ABOUT THIS EXERCISE: Pictures are to be dropped from the copy. Retype the listing exactly.

INFORMATION SUPPLIED:
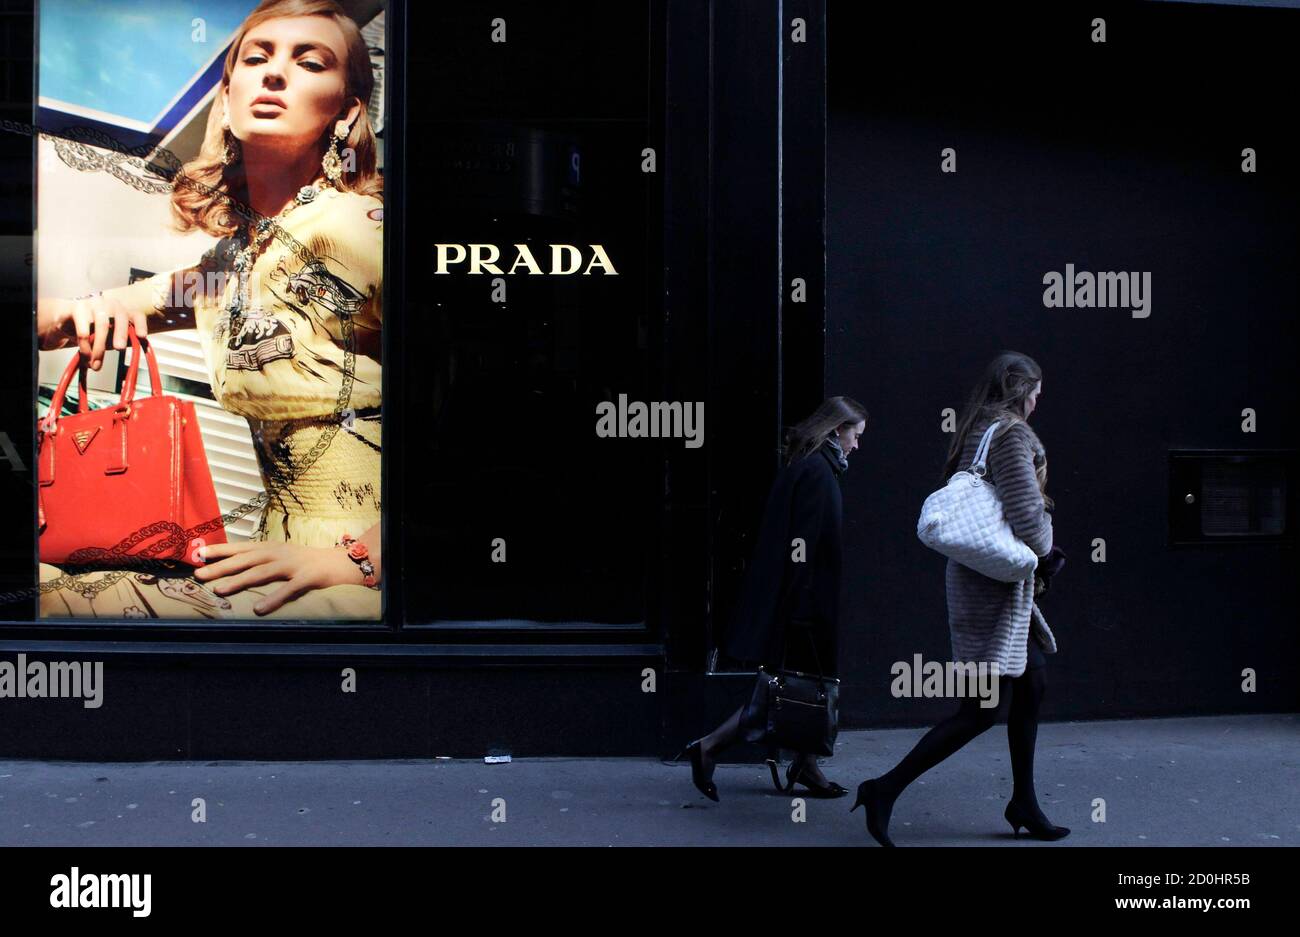 People walk past a Prada store on Grafton Street in central Dublin, January  26, 2012. Greece, Portugal, Spain, and to a lesser extent, Ireland, still  face a year or two of economic
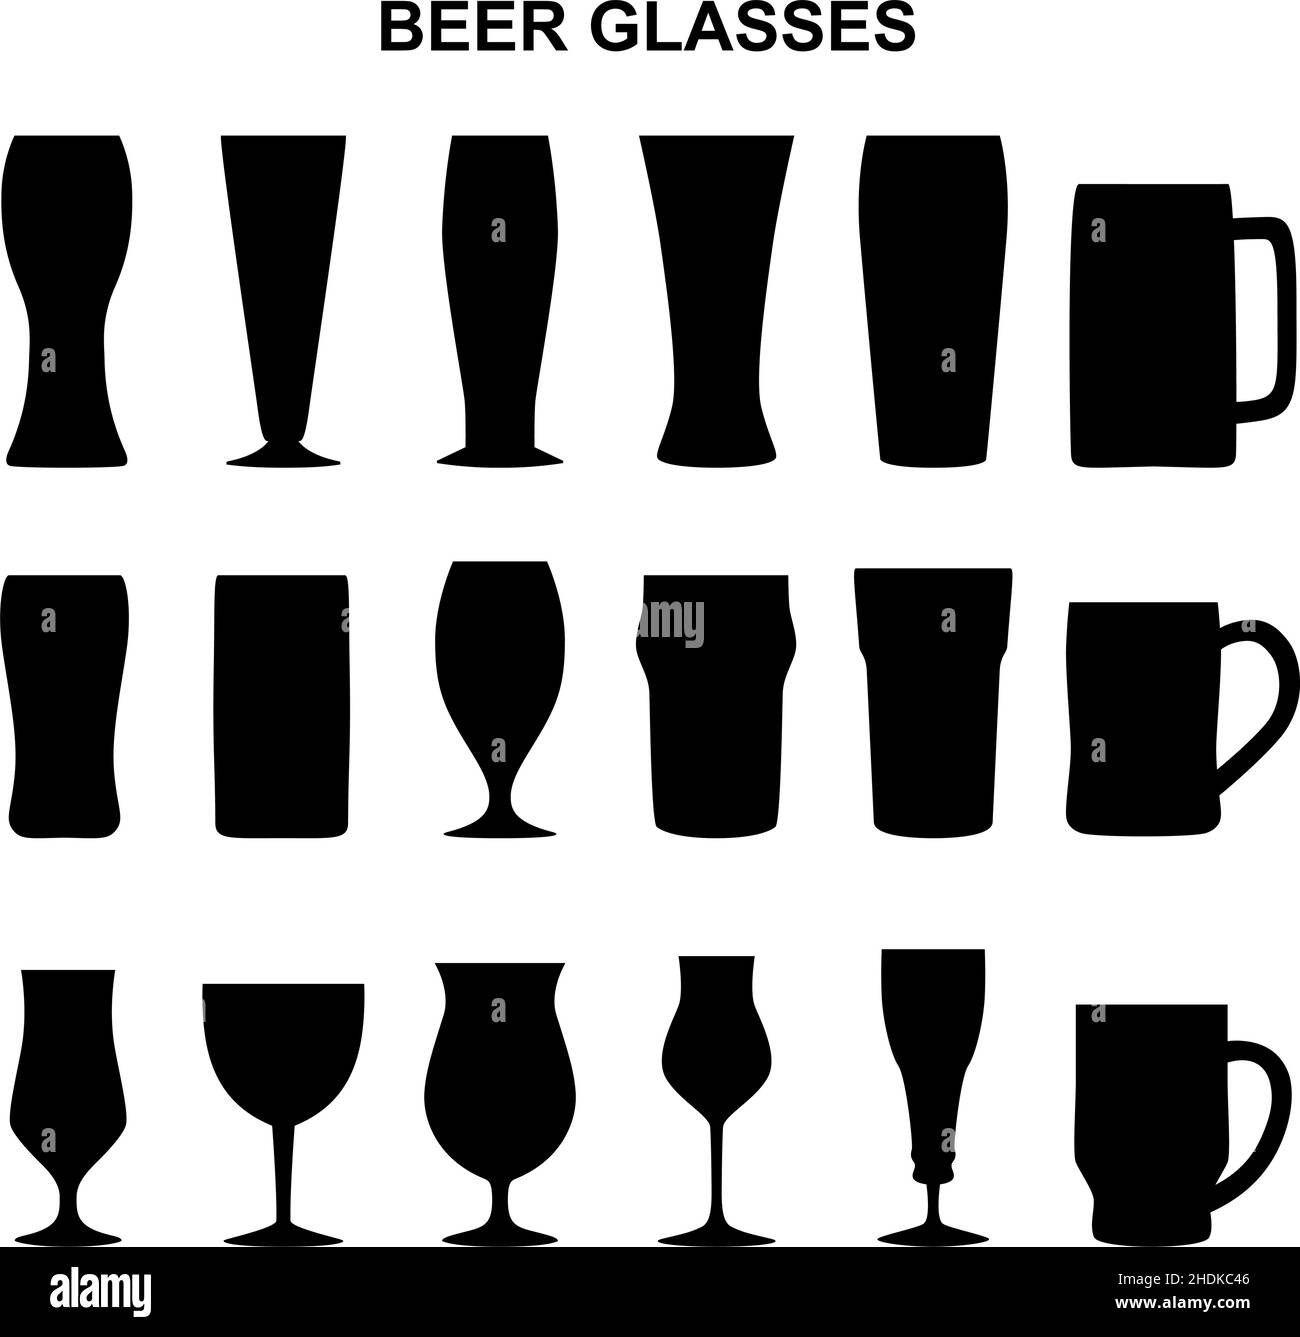 Set of silhouettes of beer glasses, vector illustration Stock Vector
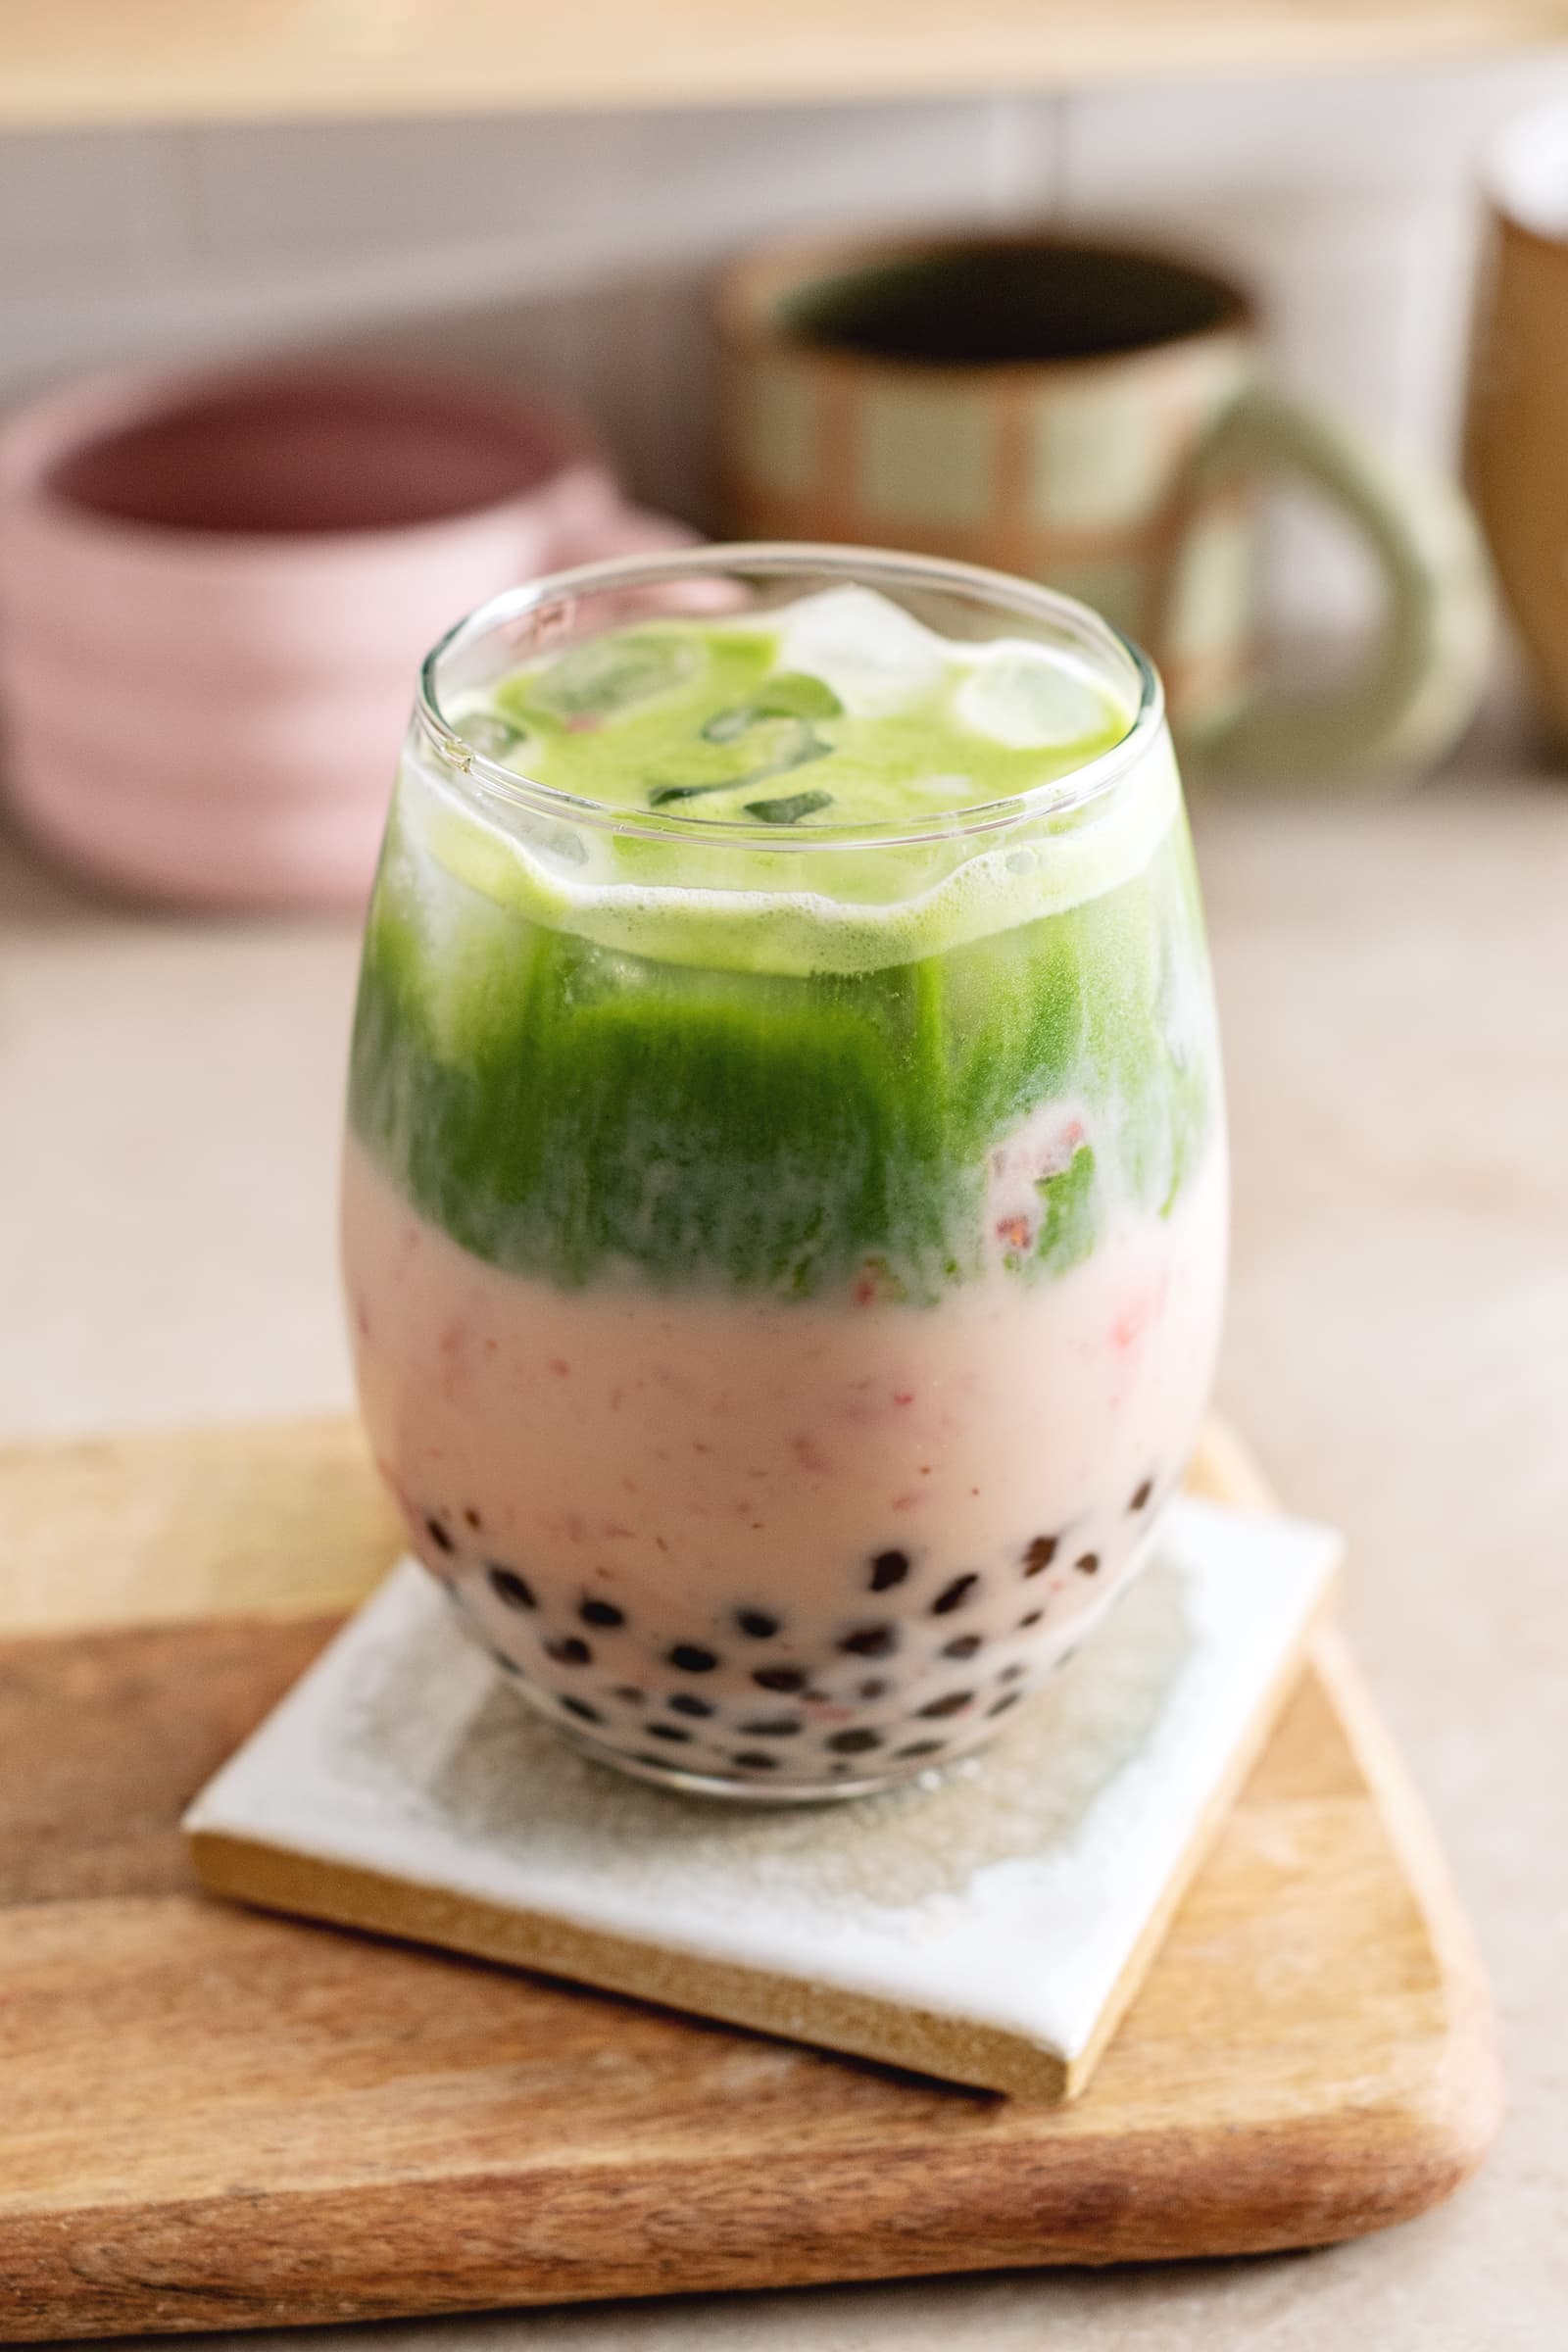 Glass filled with boba pearls, strawberry milk, and matcha split into two layers.

COMPLETED TASK:
 People walk past a Prada store on Grafton Street in central Dublin, January  26, 2012. Greece, Portugal, Spain, and to a lesser extent, Ireland, still  face a year or two of economic
 Set of silhouettes of beer glasses, vector illustration Stock Vector
 Glass filled with boba pearls, strawberry milk, and matcha split into two layers.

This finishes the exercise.